Later Thursday, Brown said in an emailed statement that he believed the union had enough votes to pass the contract, but was concerned low turnout could affect the results.
"I think we negotiated a good agreement and I believe that the majority of our members feel the same way, but just like the presidential election 10 days ago, it all comes down to whether our members come out to vote," Brown said.
"As the person who negotiated the contract —and experienced first-hand the difficulties we faced— I know the agreement is a step in the right direction," he wrote. "If you saw SEPTA's offer prior to the strike, you would have tossed it in the trash can."
If the union rejects the contract, though, that doesn't mean a strike would resume, he said.
"We would have to go back to the table and see if we can rearrange some things and go from there," Brown said.
From Nov. 1 to the predawn hours of Nov. 7, about 4,700 TWU members walked away from their jobs at SEPTA. The strikers included the operators for every trolley, bus, and subway in the city and it brought mass transit to a standstill.
At a meeting Thursday, SEPTA's board of directors authorized the chairman, Pasquale Deon, to give the contract its final approval pending the union ratification.
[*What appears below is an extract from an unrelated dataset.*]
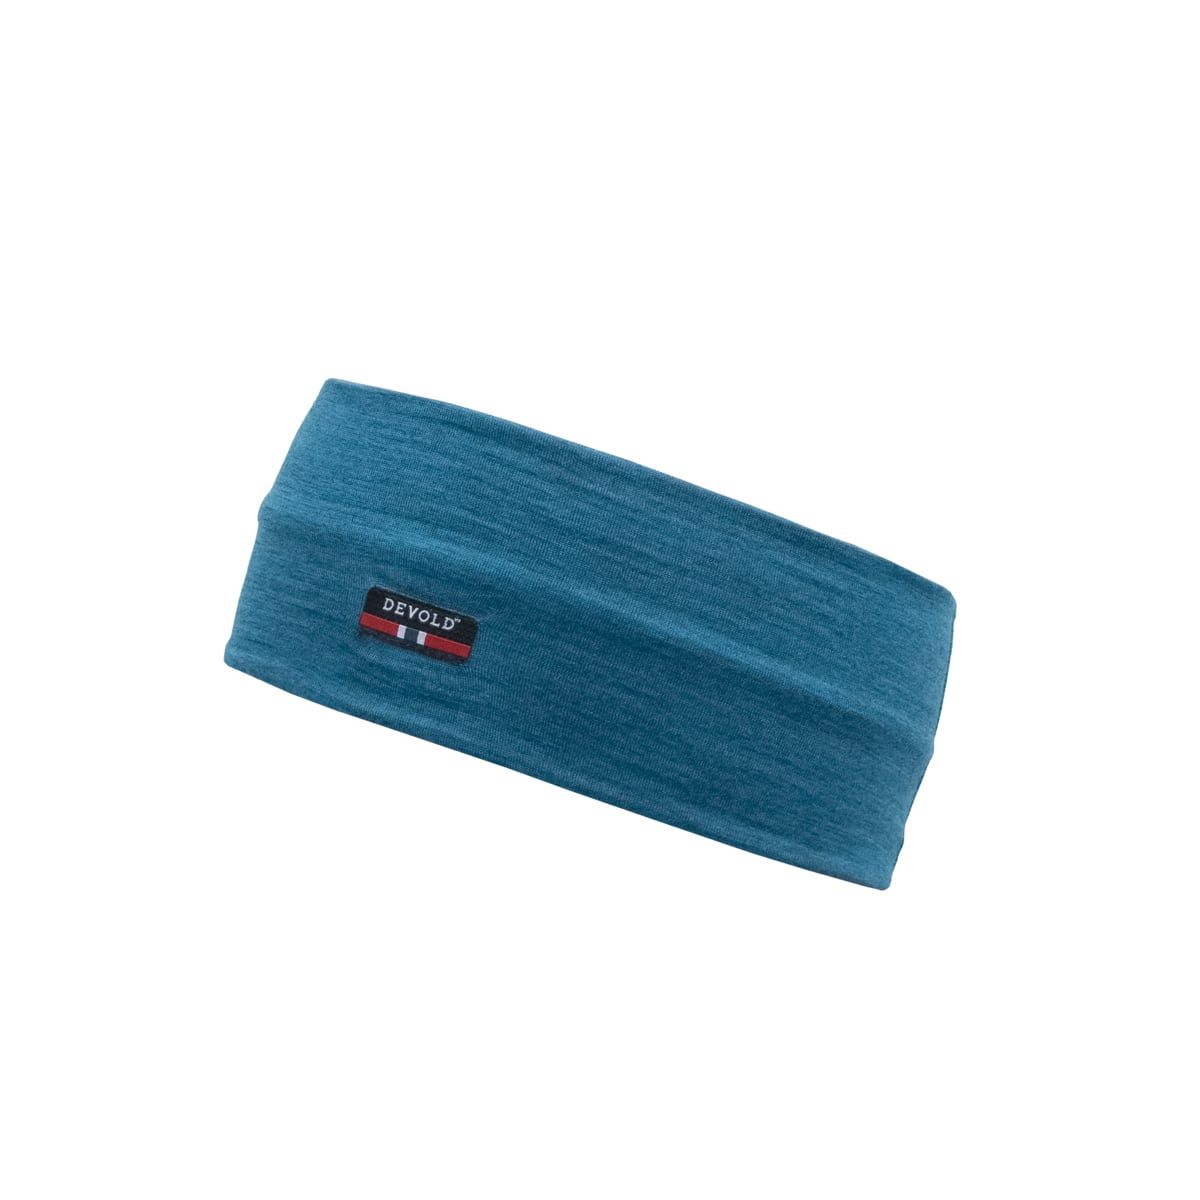 Devold Breeze Merino 150 Headband Blue Melange

SEPTA declined to comment on the union's internal debate over the contract.
The union vote will be at 30 polling places around the city from 5:30 to 7 p.m. Friday. Members will vote on pieces of paper and the results should be available by 9 p.m., Brown said.
The contract has not yet been made public and SEPTA has not disclosed its full cost. The raises, along with pension improvements, will increase the cost of the union contract by $146 million over the five years, according to a union newsletter.
SEPTA has said that the new contract would be covered with money available in its existing 10-year budget plan and that no additional public funds or fare increases would be required.
In fiscal 2016, SEPTA budgeted $661.8 million for labor and fringe benefits for the transit division. The budgeted amount for fiscal 2017 was $703.4 million.
The wage increases should be viewed in the context of the whole contract, Brown said. The contract got workers the maximum available within SEPTA's budget constraints, he said.
"I'm telling them that's what SEPTA said is all they had," he said.